Forum Discussion
Monitor Only "Automatic" Windows Services
Hizarchi ,
This is possible. Example query:
ConfigurationChange | where ConfigChangeType =~ 'WindowsServices' and ChangeCategory =~ 'Modified' and SvcChangeType =~ 'State' and SvcState =~ 'Stopped' and SvcStartupType =~ 'Auto' | extend AggregatedValue = 1 | summarize arg_max(TimeGenerated, *) by _ResourceId, SvcDisplayName, bin(TimeGenerated, 5m)You can read more about the query I am using on my blog post. You need to set the alert on Metric measurement, greater than, threshold value 0, total breaches greater than 0. Period 5 mins, frequency 5 minutes. Aggregate on: select _ResourceId and SvcDisplayName. Usually Aggregate on is not available when you create alerts via portal so it is best to create it via ARM Template as I have shown in my blog post. My Advise is to always scope to specific services names as I have shown in my blog post and not to monitor all Automatic services. There are some automatic services that start and stop on certain periods which will generate a lot of false positives and noise.
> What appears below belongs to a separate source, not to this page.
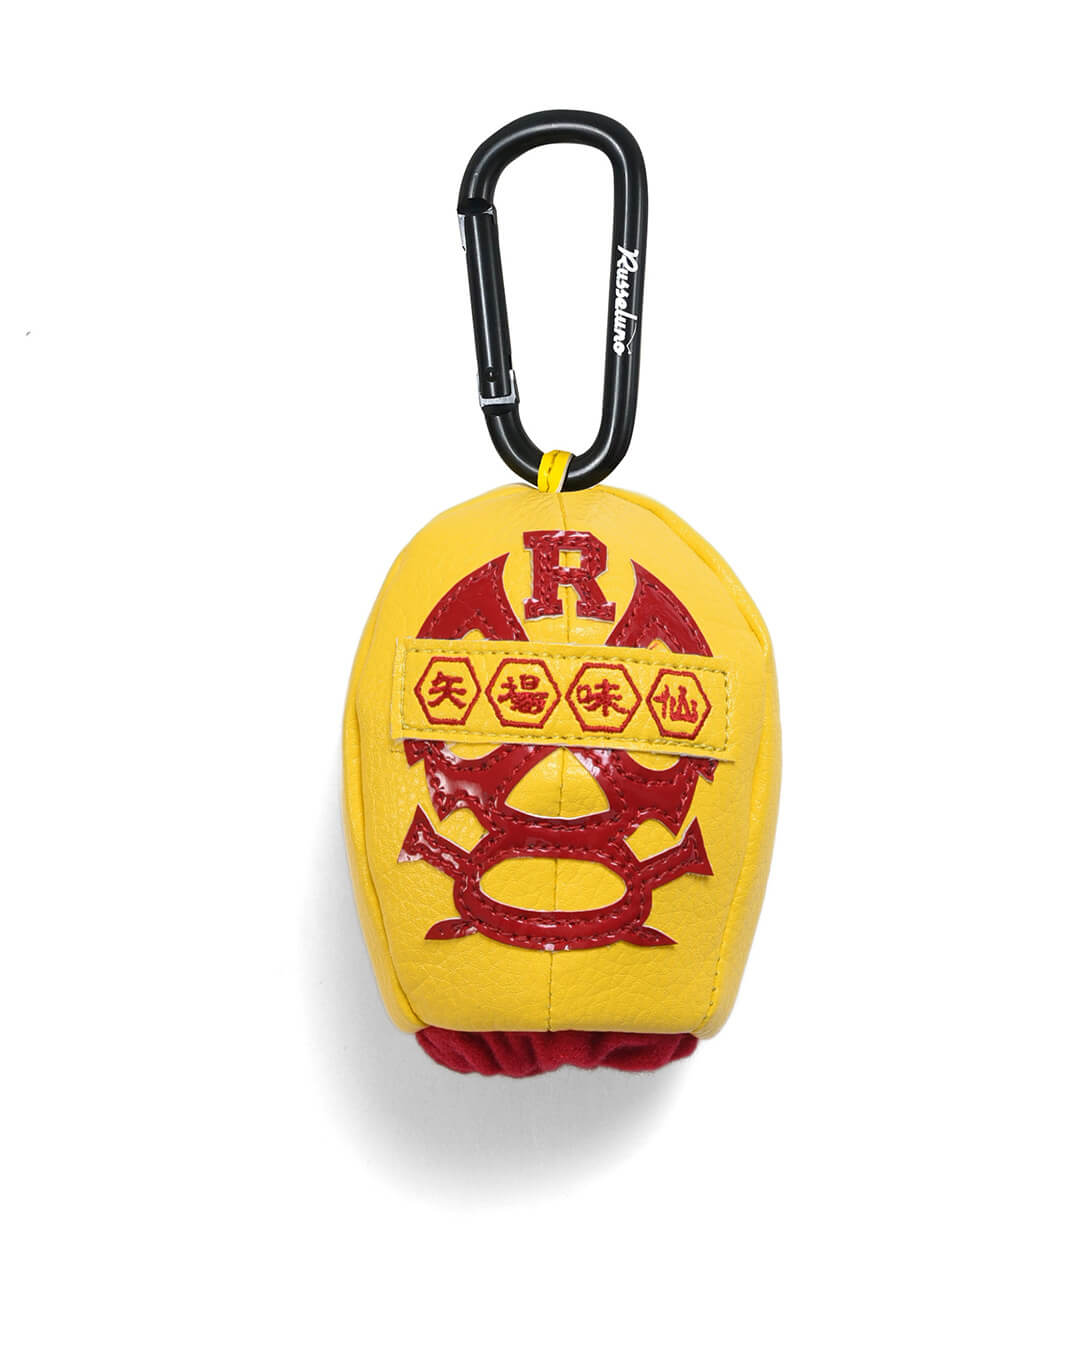 Russeluno Online Store / 味仙LUCHA BALL HOLDER

Stanislav_Zhelyazkov Thanks for your suggestion. It is mentioned here in this article "To use the Change Tracking and Inventory feature, you must locate all your VMs in the same subscription and region of the Automation account."
https://docs.microsoft.com/en-us/azure/automation/change-tracking
As long as it is working fine with multiple subscriptions and different locations, I am happy to enable this. 🙂
zarchi As I have said it is not true. Here is official issue opened for the docs: https://github.com/MicrosoftDocs/azure-docs/issues/60154
Stanislav_Zhelyazkov Thanks so much. I have enabled it and working fine :).